I think the root cause of my confusion with this codebase is due to the
variables being named as if the things they refer to exist, but without
any guarantees that they indeed exist. This applies to "patch_start"
(the patch part might not be present in the input),
"trailer_{start,end}" (trailers block might not exist (yet)). IOW these
variables are named as if the intent is to always add new trailers into
the input, which may not be the case (we have "--parse", after all).

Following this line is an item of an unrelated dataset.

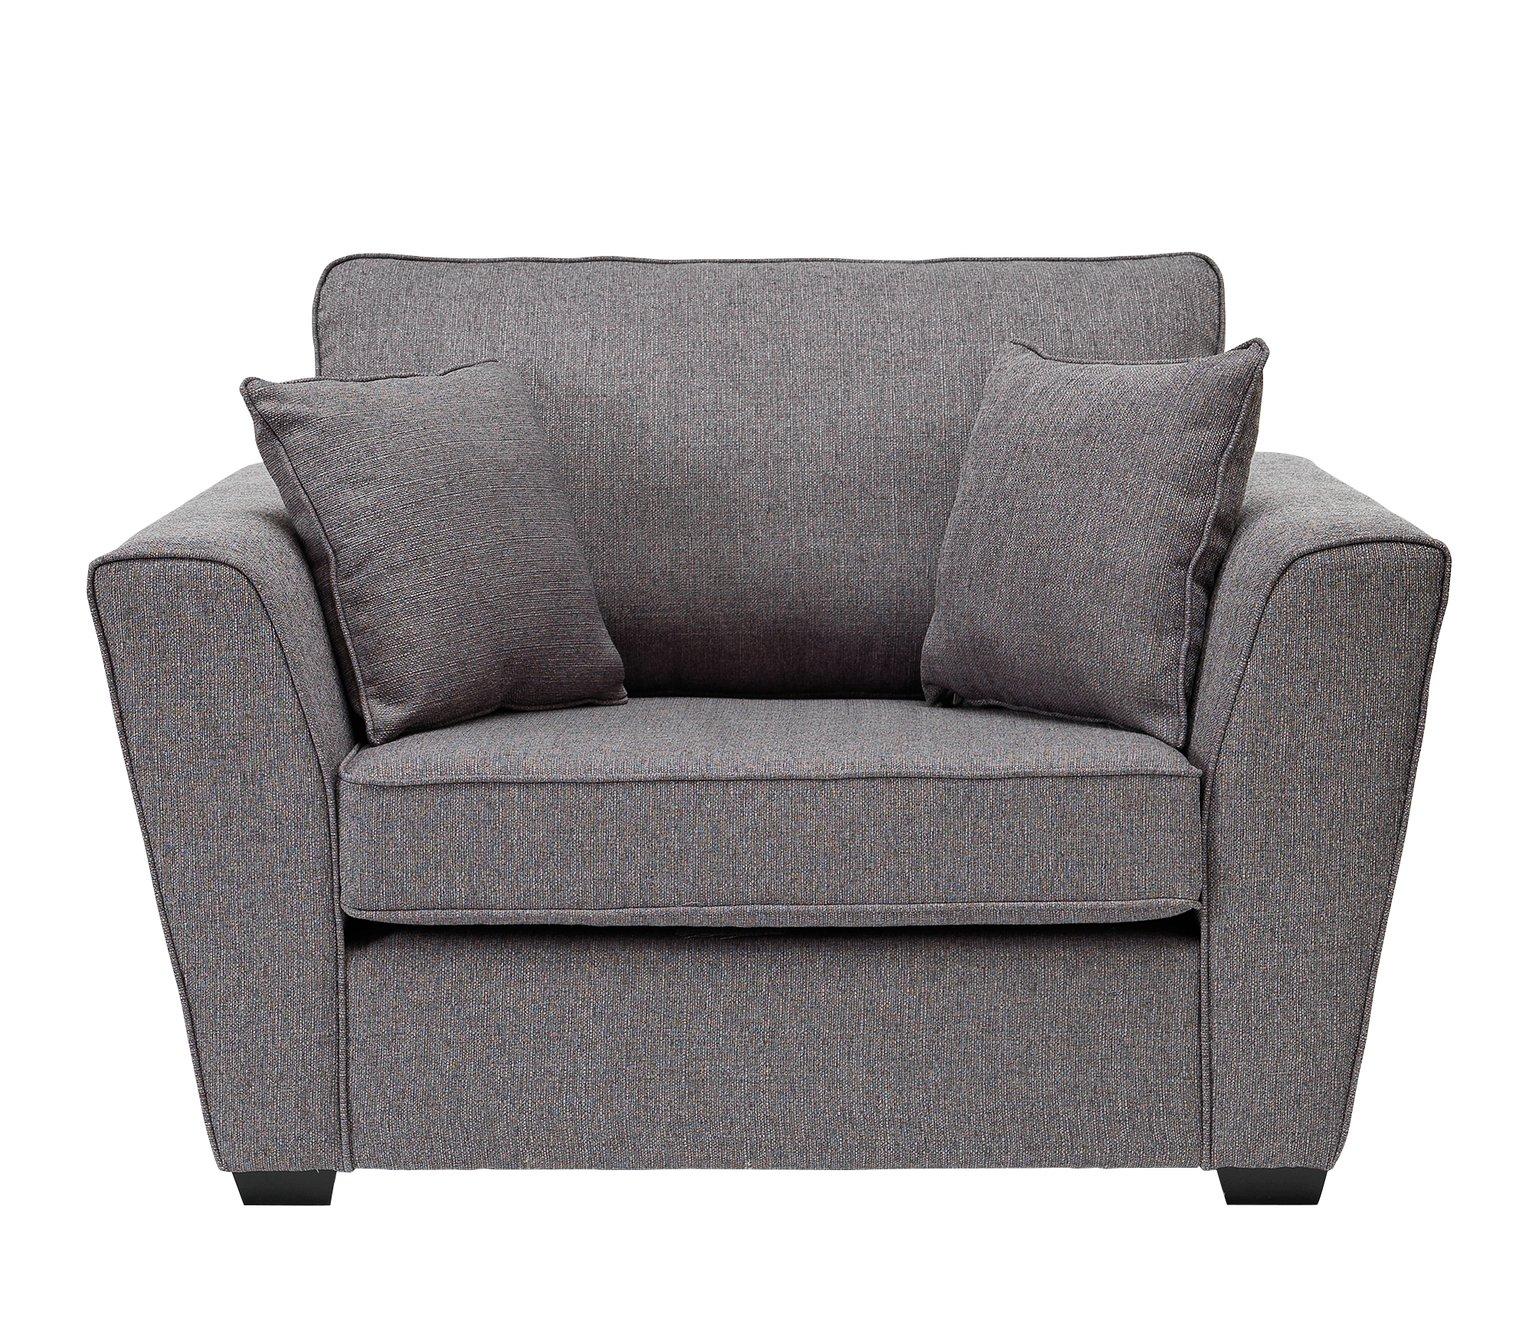 Argos Home Renley Fabric Cuddle Chair - Charcoal
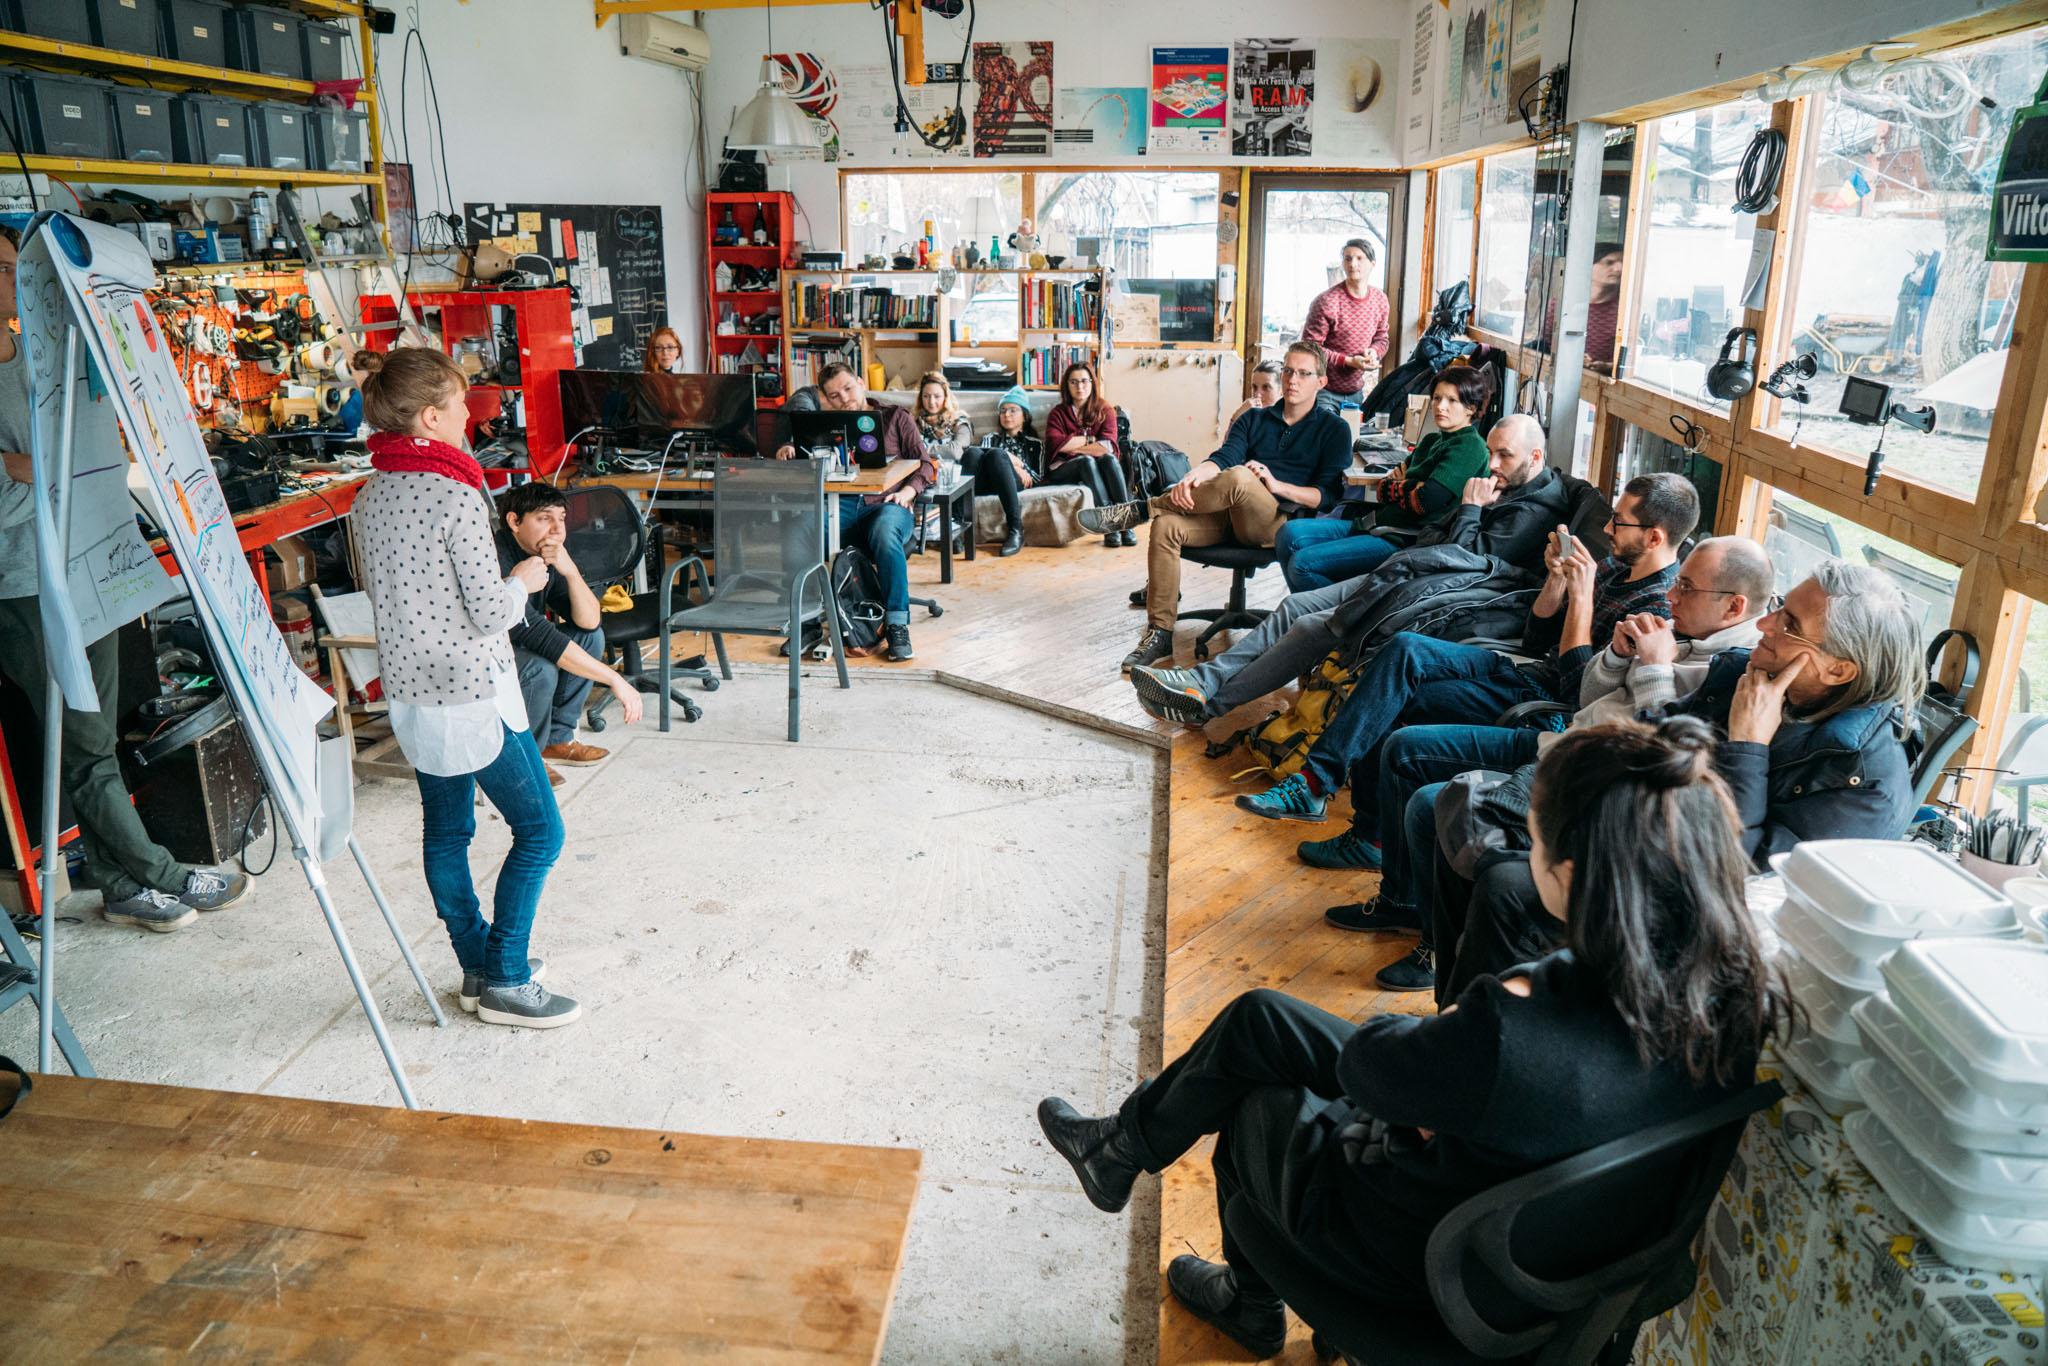 Last December's digital workshop saw participants brainstorm solutions for improving human-bison co-existence.

Looking again at patch 4, I'm now leaning toward dropping it. Other
than the reasons you cited, we also add a new struct field which by
itself does not add new information (the information can already be
deduced from the other fields). In the near future I want to simplify
the data structures as much as possible, and adding a new field seems to
go against this desire of mine.

>> Combine the logic in (1) and (2) together into find_patch_start() by
>> renaming it to find_end_of_log_message(). The end of the log message is
>> the starting point which find_trailer_start() needs to start searching
>> backward to parse individual trailers (if any).
>
> Having said that, if patch_start is too confusing for whatever reason,
> this refactoring makes sense. (Avoid the confusing name by avoiding
> needing to name it in the first place.)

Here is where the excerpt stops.